Sunday, October 01, 2006

Unread Books Meme

Niall Harrison at Torque Control was doing this one last week, and I can't avoid book-related memes, so...

Ten Books I Own and Want to Read But Haven't Gotten To Yet
I have so many more than ten books I haven't read, so I'll try to pick ones that I've had a ridiculously long time, or otherwise have a vaguely interesting story.
  1. Seven Pillars of Wisdom by T.E. Lawrence -- I think I got this in college; I had it so long in the back row of a doubled-shelved bookcase that the top two inches of its spine are sun-faded. For a while I was trying to decide whether to read this or Jeremy Wilson's biography Lawrence of Arabia first, but I never read either.
  2. A Christmas Carol and Other Haunting Tales by Charles Dickens -- I've thought about reading this in December for the past five years or so, and haven't done it yet.
  3. Bitterroot by James Lee Burke -- the first of four Burkes stacked up on my mystery shelf (along with three Sara Paretskys, the US and UK versions of the same giant Lawrence Block collection, more Loren D. Estleman books than I can shake a stick at, and sundry other things).
  4. The Amazing Adventures of Kavalier and Clay by Michael Chabon -- I own it in hardcover, and it's been gathering dust for at least five years.
  5. The Civil War: A Narrative by Shelby Foote -- three big fat volumes, which I got when I joined Book-of-the-Month Club in about 1989. I don't think I've so much as cracked them open.
  6. An Instance of the Fingerpost by Iain Pears -- the book everybody was reading four or five years ago. I got it then...
  7. Patriots and Liberators by Simon Schama -- a decade ago, I was tearing through Schama's books; I think when I got this one it was the only book of his I hadn't read yet. Since then I've piled up three volumes of A History of Britain, Rembrandt's Eye, and probably one or two more I'm forgetting.
  8. The Year's Best Science Fiction, Twentieth Annual Collection edited by Gardner Dozois -- I've read every other annual book in this series since the 8th collection, but I bought this one before reading it four years ago, and since learned that, in bookclubs, if you buy it before you read it, you'll never have time to go back and read it, since there are always books to buy you haven't read yet.
  9. Silverlock by John Myers Myers -- I've upgraded my copy once (meaning I've bought it twice), but never read it.
  10. Strange Travelers by Gene Wolfe -- and I'm now three story collections behind on Wolfe.

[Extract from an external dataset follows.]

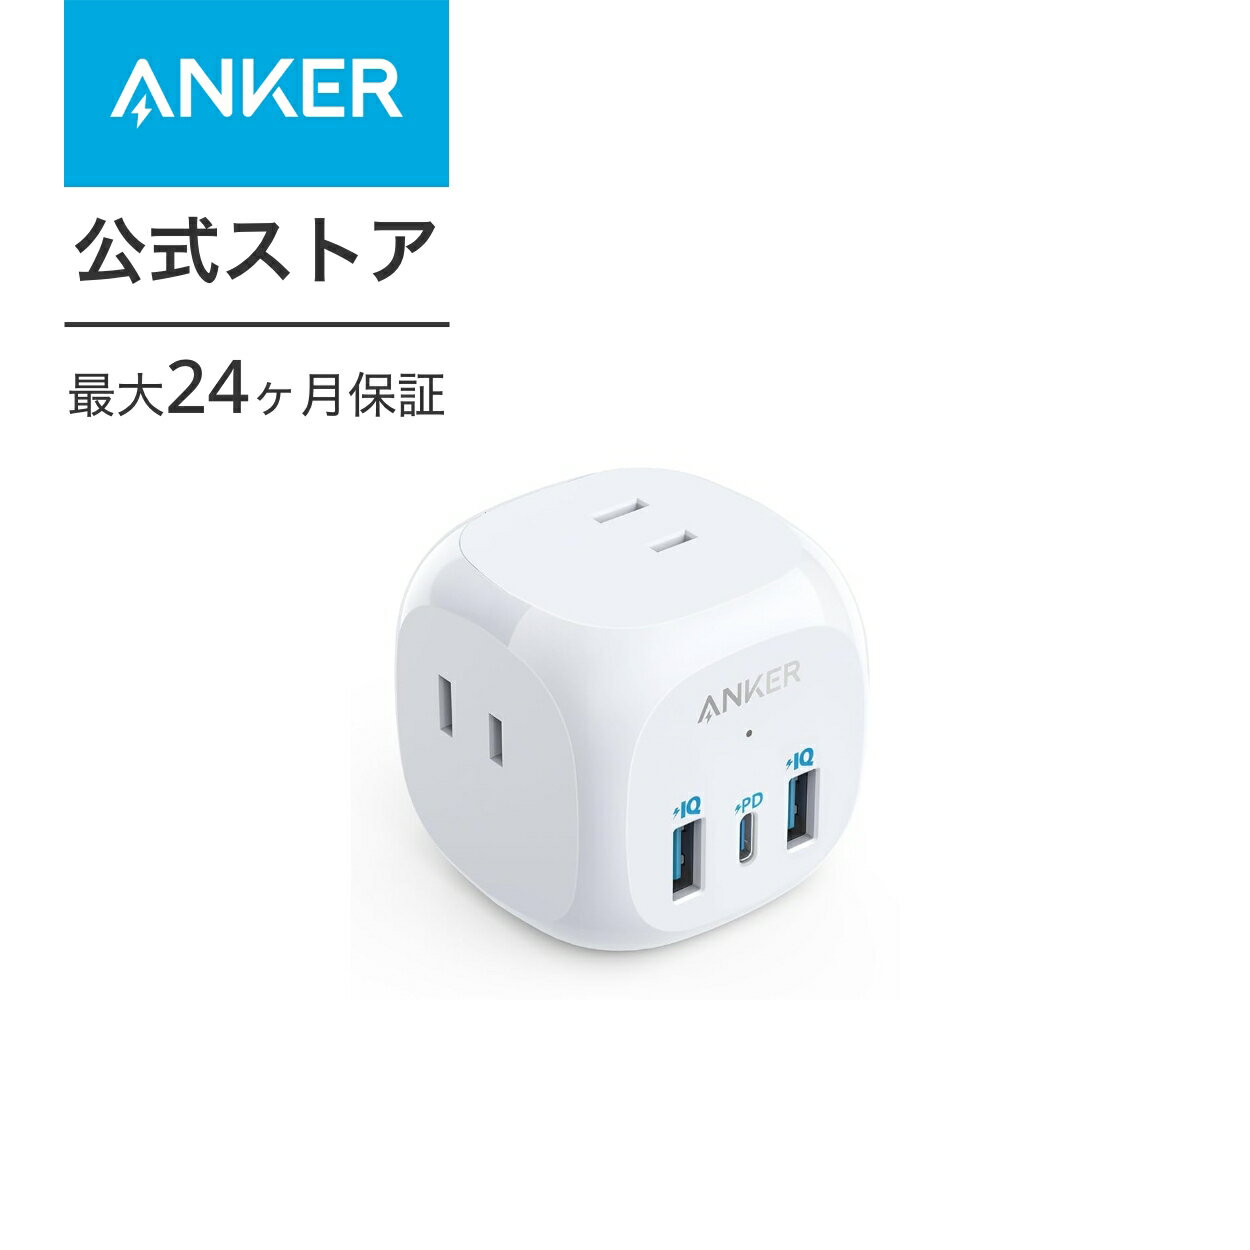 Anker PowerExtend (6-in-1)(USBタップ 電源タップ AC差込口 USB-Cポート USB-Aポート) MacBook PD対応 Windows PC iPad iPhone Galaxy Android スマートフォン

If I manage to read Soldier of Sidon this fall I'll still be caught up on his novels, though.

2 comments:

Christopher said...

Silverlock is a good book. I read it many years ago but remember enjoying it. You need to get right to reading Chabon. You seem to enjoy many of the same comics that I do and I must say this was one of the few literary books that has come out over the last few years that met my expectations.

Anonymous said...

You know, I always admire how much you do read (admire/envy). It's kind of disheartening that you don't have time to read everything you want to . . . because that means I'm much farther away than I ever thought. Sigh. But Charles Dickens at Christmas is very good. And very Victorian. Perhaps you could squeeze in a visit to Bedlam to look at the inmates and have a pinch of snuff while you're at it.